We will never know what creates this aberration in a human being. I have often thought about the fact that when Ted Bundy was on his killing spree, I fit his victim profile, long-haired, white girl student, happy to help a stranger in need. He would have killed me if he had met me. Many of my friends fit the same profile. We will never understand what goes wrong.
Have you read FBI profiler John Douglas "The Cases That Haunt Us"?
Wow, yes! He's a genius. I've read several of his books. Him and Park Deetz. Actually, I am looking at a copy of
Obsession, by Douglas and Mark Olshaker as I type. The work down at Quantico is amazing. Of course, I binge-watch Criminal Minds. Most people perceive other humans as fellow humans and recognize that one is not the other, but many do not and perceive the rest of the world basically as cardboard cut-out figures who must be the same person because they physically look the same. It's taking stereotyping to the pit of Dante's inferno. The twists that the human mind can take!
I grew up on the Jersey side of the Hudson from Manhattan, but went to college in DC, coming home on the trains to NY, Hoboken, and on up to the village station, or on the bus through NY Port Authority. My mother had fits when I would tell her about some nice person whom I talked to in Port Authority. But at 18, a stranger is a friend you haven't met yet, and in northern Jersey, there are no ghouls. Had Bundy been operating on the east coast, . . .
This is TMI, but I have a relative who has schizo-effective disorder. A brilliant man, but his mind is lost (I had to take his guns away from him and give them to the police), and I'll always wonder what he could have been. We talk about current affairs on the phone often and see each other every few years or so. He is very literal and there is no such thing as Tolkien or Bradbury. He always cautions me to dismiss peoples' religious beliefs and what-not because they aren't true. He doesn't realize that we don't have take these beliefs and ideas as true, but just understand them as a predictor of what the person who holds them will do next and just sit there and wait it out. You don't have to buy into somebody's idea that blowing up the planet will lead us all home to Valhalla, just know that what he will do next is something that he thinks will do it.
We are each imprinted with what we see everyday growing up.
My upbringing was different and more bizarre in many ways. My Mom was extremely what you'd call overprotective of us when we were growing up. With a few notable exceptions, we weren't allowed to go into a neighbor home unaccompanied. Instead, our home was basically Party central. We had an above ground pool for summers and Mom always had food and refreshments out. Last week my Mother told me that the reason she was so overprotective was that 2 of our neighbors were pedophiles.
I've met people who I am absolutely convinced have killed people and are responsible for people on milk cartons. I have no proof besides the hairs on my neck and the look in their eyes.

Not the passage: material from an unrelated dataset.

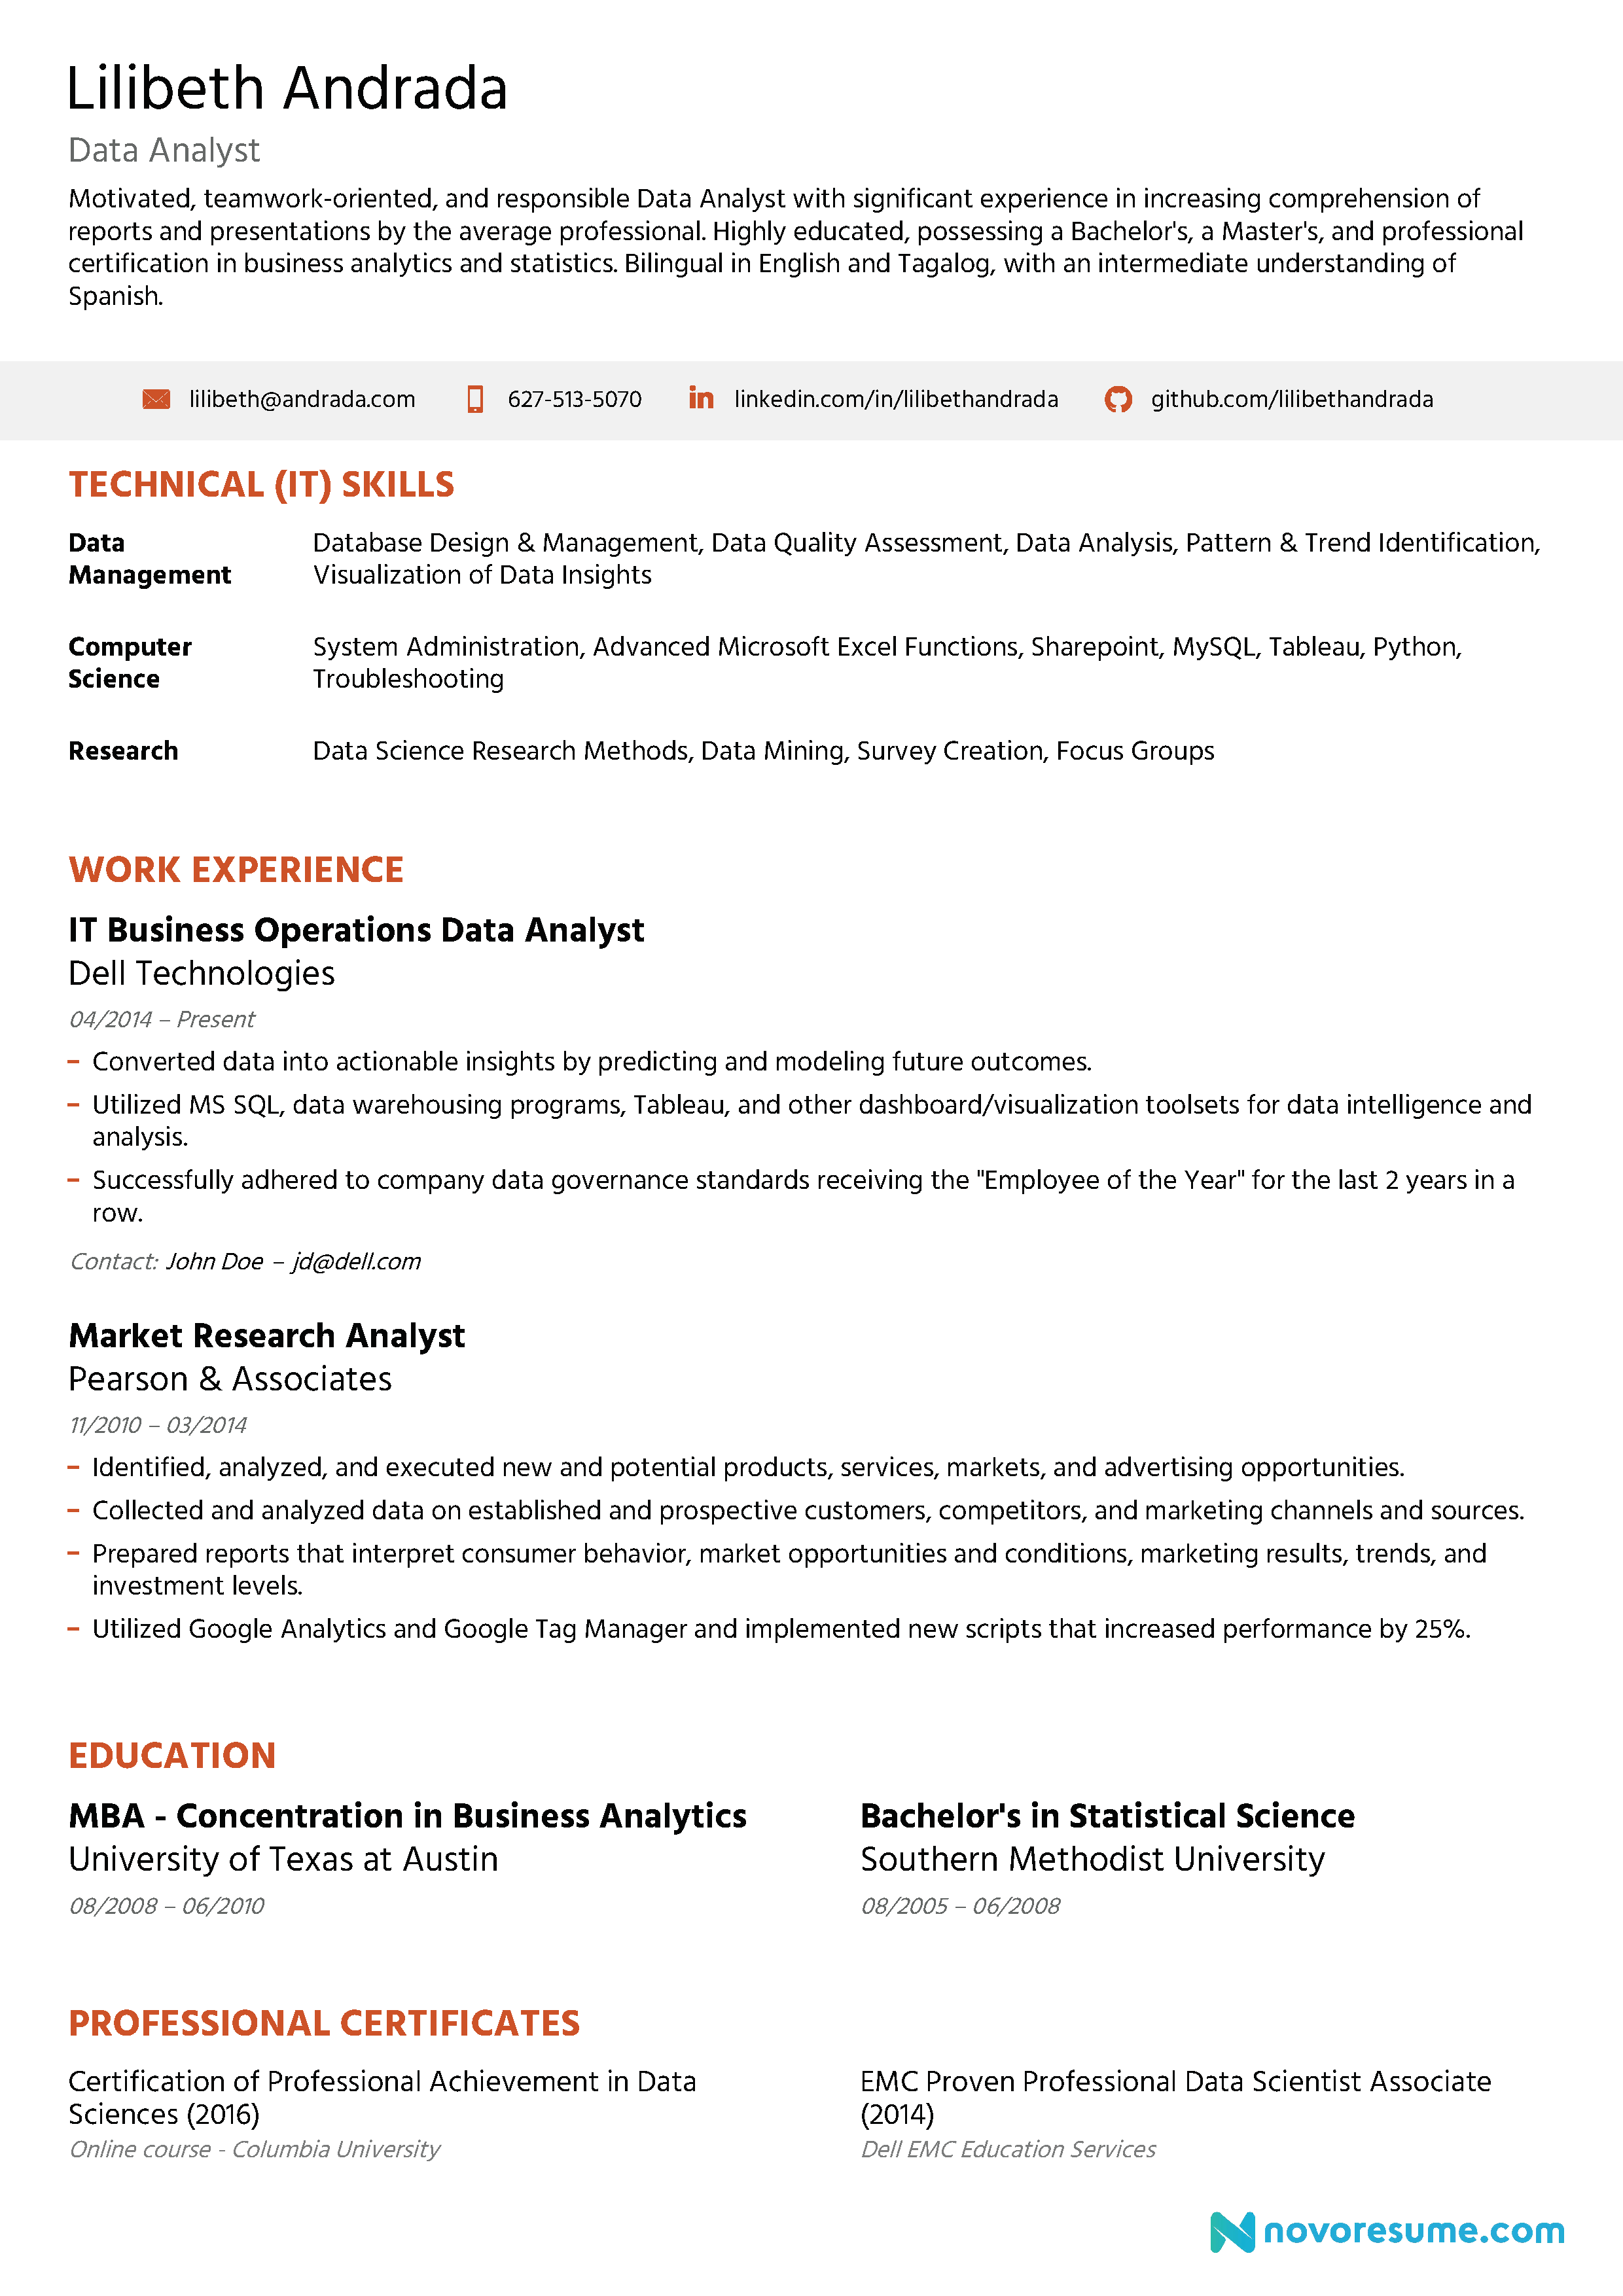 Professional Resume Examples Resume Example professional resume examples|wikiresume.com

I've been the victim of such child predator. One was a teacher and myself and another classmate ratted him out to people we trusted. It was actually him that brought it up to me one day after school. Said it casually as we were headed home after class. It was very weird looking back now how it all came about, he was a close friend through sports.
I agreed that we would go together and tell what we knew. It was almost quietly known among others that it was going on, but we were all so young, in grade 4, just kids. I had never felt so frightened, and it upset my parents that I hadn't told them, but, did tell some we trusted who were in positions of authority.

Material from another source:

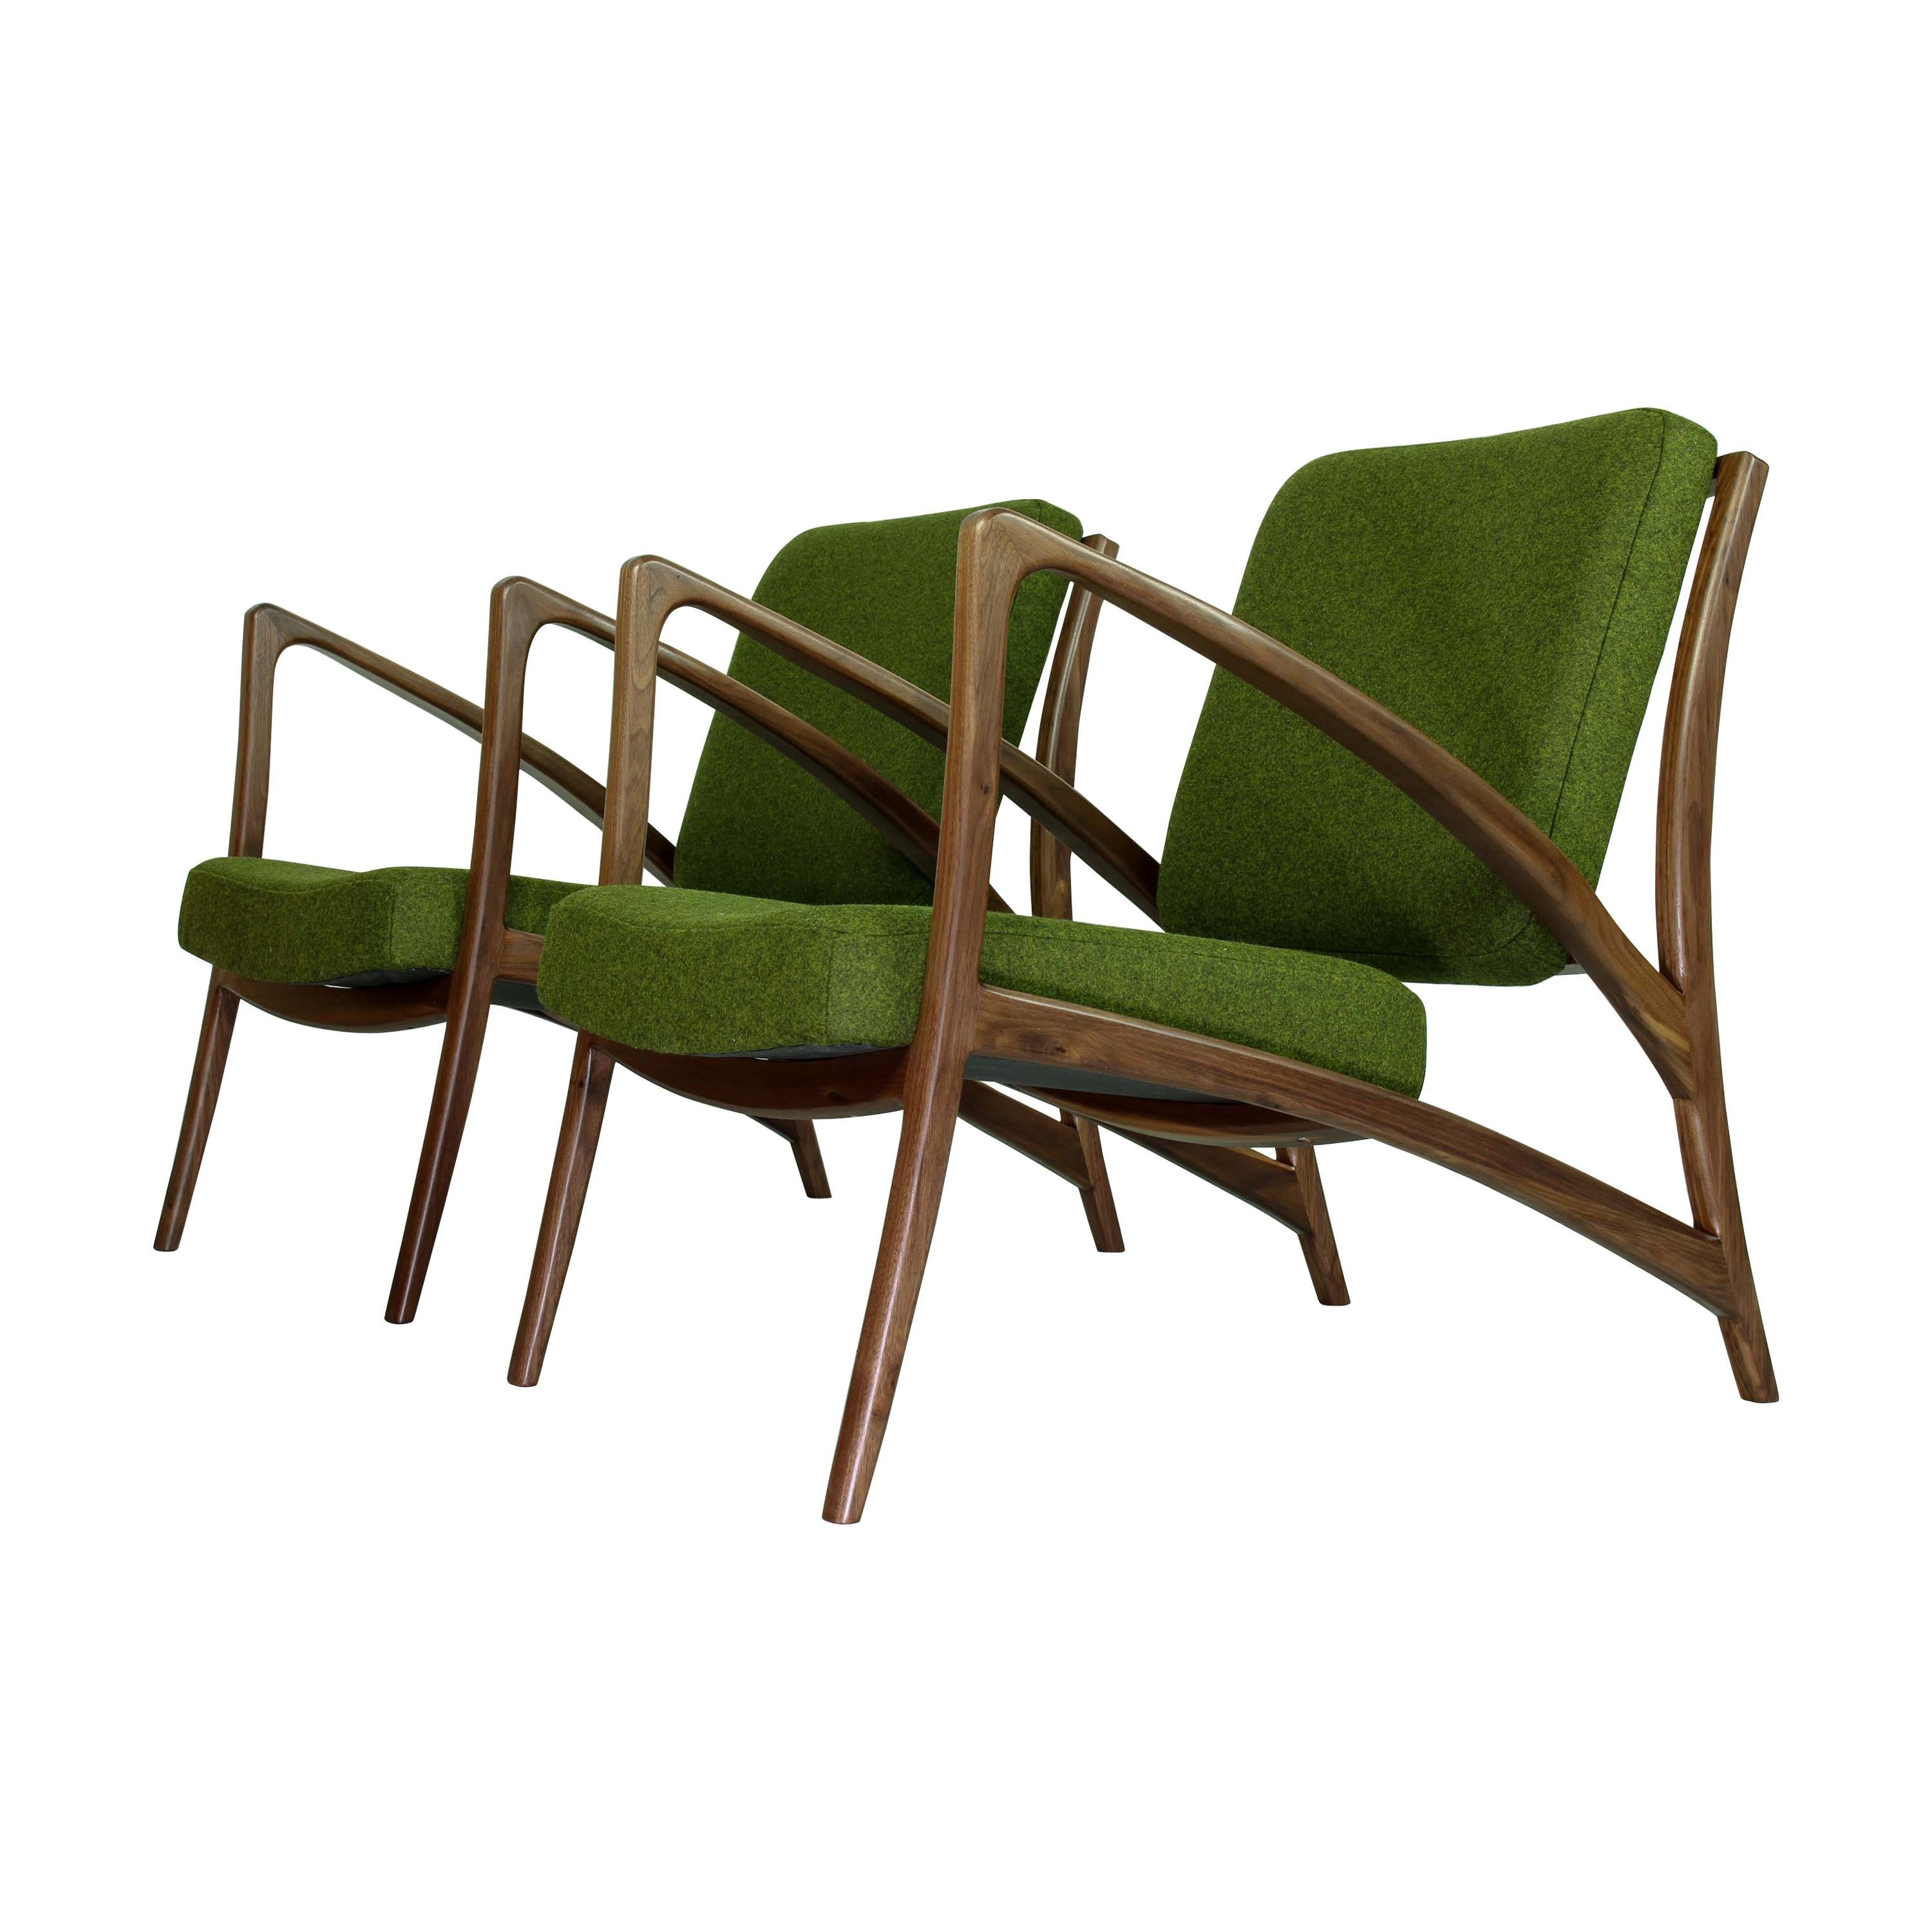 Stunning Curved Sculptural Lounge Chairs Floating Dutch Design For Sale

Suddenly other students came out and said it happened to them too, this was after my dad personally called their homes and rallied them. I was a kid, it was tough, I was scared, he was replaced while on suspension and we did mock trials in class by his replacement teacher (still remember her name, I loved that woman, she supported us all and had us prepared, not for a minute doubting us). His replacement teacher was an angel.

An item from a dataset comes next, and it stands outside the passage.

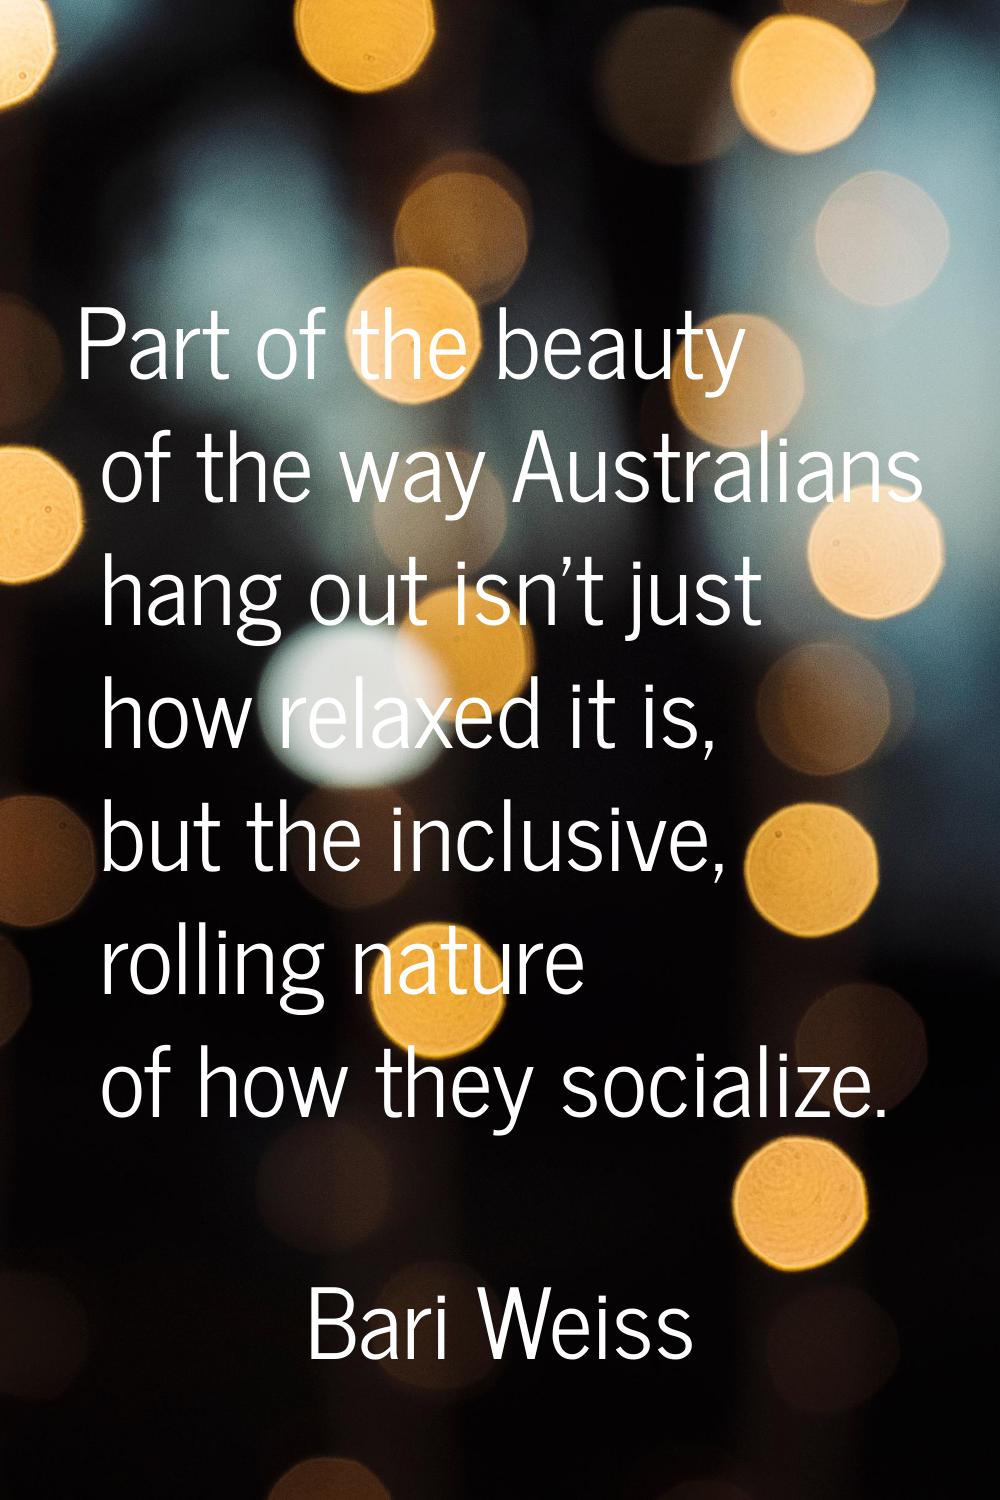 Part of the beauty of the way Australians hang out isn't just how relaxed it is, but the inclusive,

I felt so much better hearing other kids tell their stories to all of us in class. I wonder now, years later, if she hadn't been recording that "trial" without us knowing (she even had us sitting with a jury) as evidence to show to our principal or the police. A sort of "here is what the kids are saying, they will say the same to a judge". If she did that, it was brilliant. I know my friend and I felt so much better knowing we weren't going to face this alone.
The problem was, this teacher was very popular. Other older kids in school went after me and my friend in particular, "you're lying" etc (had some of them been in through his class and experienced the same?) My friend and I stood our ground.
In the end, he plead guilty to the charges and was not allowed to teach in Ontario again, but, he left for another province and did continue to teach. Yes, this is Canada and our creepy kakistocracy. He was a brother of a cop from what I understand.
I won't ever forget my dad calling one father, and this guy downplaying the events to my dad, "it was just sex-ed for these kids". My dad lost it on this guy. I heard him yelling on the phone to him and using words I've never used. He came into my room and asked me "who is this Timmy ______ kid in your class?" After a short conversation he said, "stay away from that kid".
I never knew until after what their conversation was about. Gives me the creeps thinking that there are people like this,
and makes me wonder just what his dad was doing in his life.
Your parents were right to be concerned and to protect you. There are cretins in this world who abuse the vulnerable.